# Confusion on dewa



## Desert_Fever (Apr 13, 2013)

Folks,

I am moving from US to Dubai in a couple of months. I know this question has probably been asked before so if you have a specific thread that answers this question, feel free to point me to that.

I am new to the world of "Chiller FREE" and "DEWA". I was told last week when I went to check out places that Marina is generally free "air conditioning" and that you pay for the electricity and water consumption built into your DEWA bill. I was told that most villas, on the other hand, you pay for both as part of your DEWA bill.

Ideally, we would like to have a villa due to the size and family friendly nature of villas moving from the US. However, I've read some horror stories on this forum on the amount of their AC/WATER bills and because I am renting I really cannot imagine allocating $1000 US for a monthly AC/WAter bill.

I know a lot of this relative to size of Garden (water sprinklers) and your personal A/C consumption, but what are people paying on average for a 3-4 bedroom villa with a small garden in your respective neighborhoods?

I also wonder whether places in Umm Suqeim (which seem generally older) are less efficient in comparison to the newer places like Jumeirah park etc.

Any indication will help in this decision. i.e.
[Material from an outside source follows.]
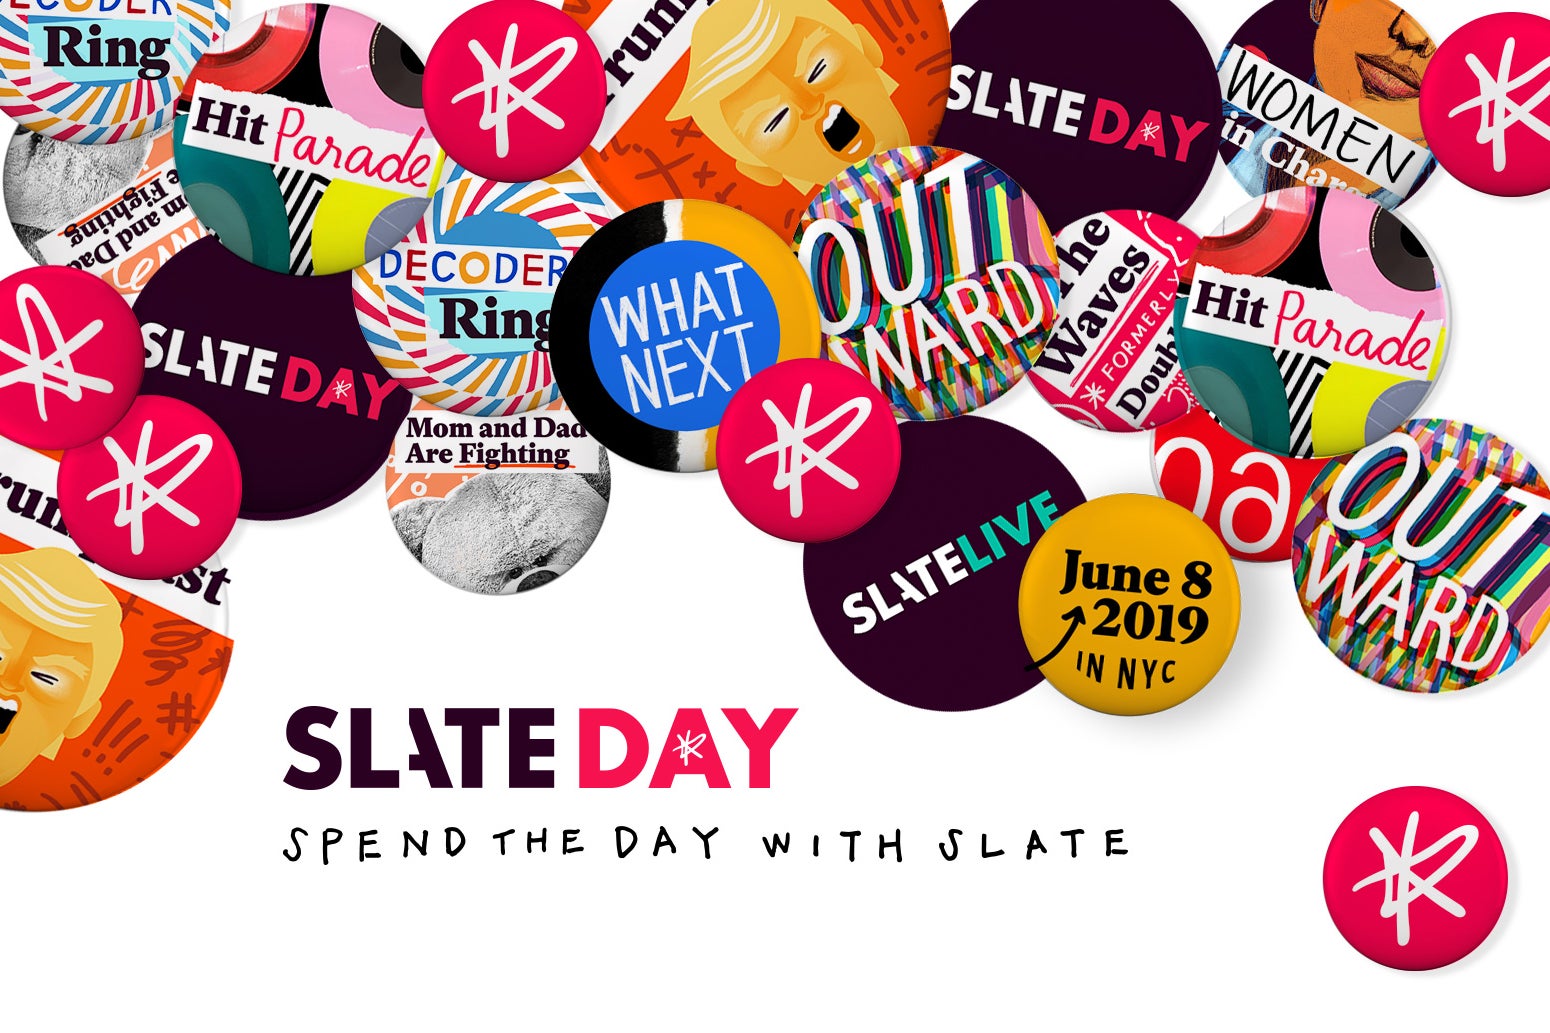 Slate Day 2019

AC Paid 3 Bed in Marina vs 3-4 Bedroom (3000-4000 sq ft) villa in Jumeirah, Meadows etc.

Thanks in advance


----------



## XDoodlebugger (Jan 24, 2012)

Desert_Fever said:


> Folks,
> 
> I am moving from US to Dubai in a couple of months. I know this question has probably been asked before so if you have a specific thread that answers this question, feel free to point me to that.
> 
> ...


Can't help on the villa but a 2 bedroom in the Marina will run a bit over $200 for DEWA (5% tax on your rent is included in that bill so is actually the majority of it for me).


----------



## TallyHo (Aug 21, 2011)

No one really understands how DEWA measures usage in Dubai. At one point they were providing you with a bill based on estimated use, not actual use, though that was a few years ago and things may be more efficient now.

About two-three years ago a lot of people in the freehold areas (Ranches, Meadows, Springs) got slammed with enormous dewa bills during the summer months, sometimes even more than 5,000 AED. What made it worse was that neighbours with seemingly identical lifestyle habits were getting minimal dewa bills. These scenarios were never fully explained and there was speculation that DEWA was deliberately inflating bills for the freehold areas as these are lived in by expats. But I haven't heard of horror stories in the last year or so.
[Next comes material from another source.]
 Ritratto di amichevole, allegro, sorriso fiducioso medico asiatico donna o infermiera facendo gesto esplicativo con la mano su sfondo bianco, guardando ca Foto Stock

People who live in the older areas such as Umm Suqeim and Jumeira tend to have lower dewa bills than the freehold areas. This partly stems from that the water you use for the garden is groundwater and is not metered. As for inefficient AC systems - depends entirely on the villa. Those areas have plenty of new villas while plenty of villas in the freehold areas are already crumbling and suffering from poorly installed AC systems. 

Dewa will also vary depending on the size of your property. A big villa with echoing space, a pool, lavish gardens = big bills. Smaller compound villa, no pool or shared pool, lower bills. 

As for apartments - most apartments will be 'chiller free' meaning that the AC is internal to the building's HVAC system and as such the individual apartment usages can't be measured. The landlords all pay for the AC out of their maintenance fees, which the tenant does not pay. 

But other buildings are in what's called district cooling schemes, which is where a central cooling plant pumps AC into the apartment towers and into the individual apartments. The usage can be measured by unit. These people pay far more for their AC than those in non-district cooling schemes. 

Most of the Marina is chiller free, except for JBR, which is district cooling. The Palm is district cooling. JLT is district cooling. The Greens and Downtown are not, nor is TECOM. 

I live in a 1,450 sqft flat in the Greens. My monthly DEWA is about 700 AED in the summer and 600 in the winter, inclusive of housing tax. I have the AC on around the clock between late May - early October.

My old villa in Jumeira - the DEWA never exceeded 1,000 at the peak of the summer. Half that in the winter. Approximately 2,000 square feet. But no housing tax involved.




Desert_Fever said:


> Folks,
> 
> I am moving from US to Dubai in a couple of months. I know this question has probably been asked before so if you have a specific thread that answers this question, feel free to point me to that.
> 
> ...


----------



## Desert_Fever (Apr 13, 2013)

Excellent info and thanks for taking the time to write this in detail.


----------



## vantage (May 10, 2012)

inefficient old villa in Jumeira (single glazed, leaky doors & looks like a concrete bunker from the Maginot Line)
fully detached
3 beds
small garden

'AVERAGE" over 12 months is 24,000 AED.
This includes the 'Housing fee' of 5% rental value

Actual DEWA "average" is therefore 1,375 AED

We are pretty careful with the AC. It is an old Unit. We are probably keeping the temps around 26 degrees in the hot weather. Lower and the bills go through the roof.

The water is not the problem...!


----------



## AugustChristopher (Jul 24, 2013)

Hi TallyHo,

I have found flats in JLT (Silverene Tower) advertised "central A/C and heating free"..is that possible if JLT is district cooling?

Sorry to bother you guys with that again..Just want to make sure i get it right..Thanks.



TallyHo said:


> ...Most of the Marina is chiller free, except for JBR, which is district cooling. The Palm is district cooling. JLT is district cooling. The Greens and Downtown are not, nor is TECOM.


----------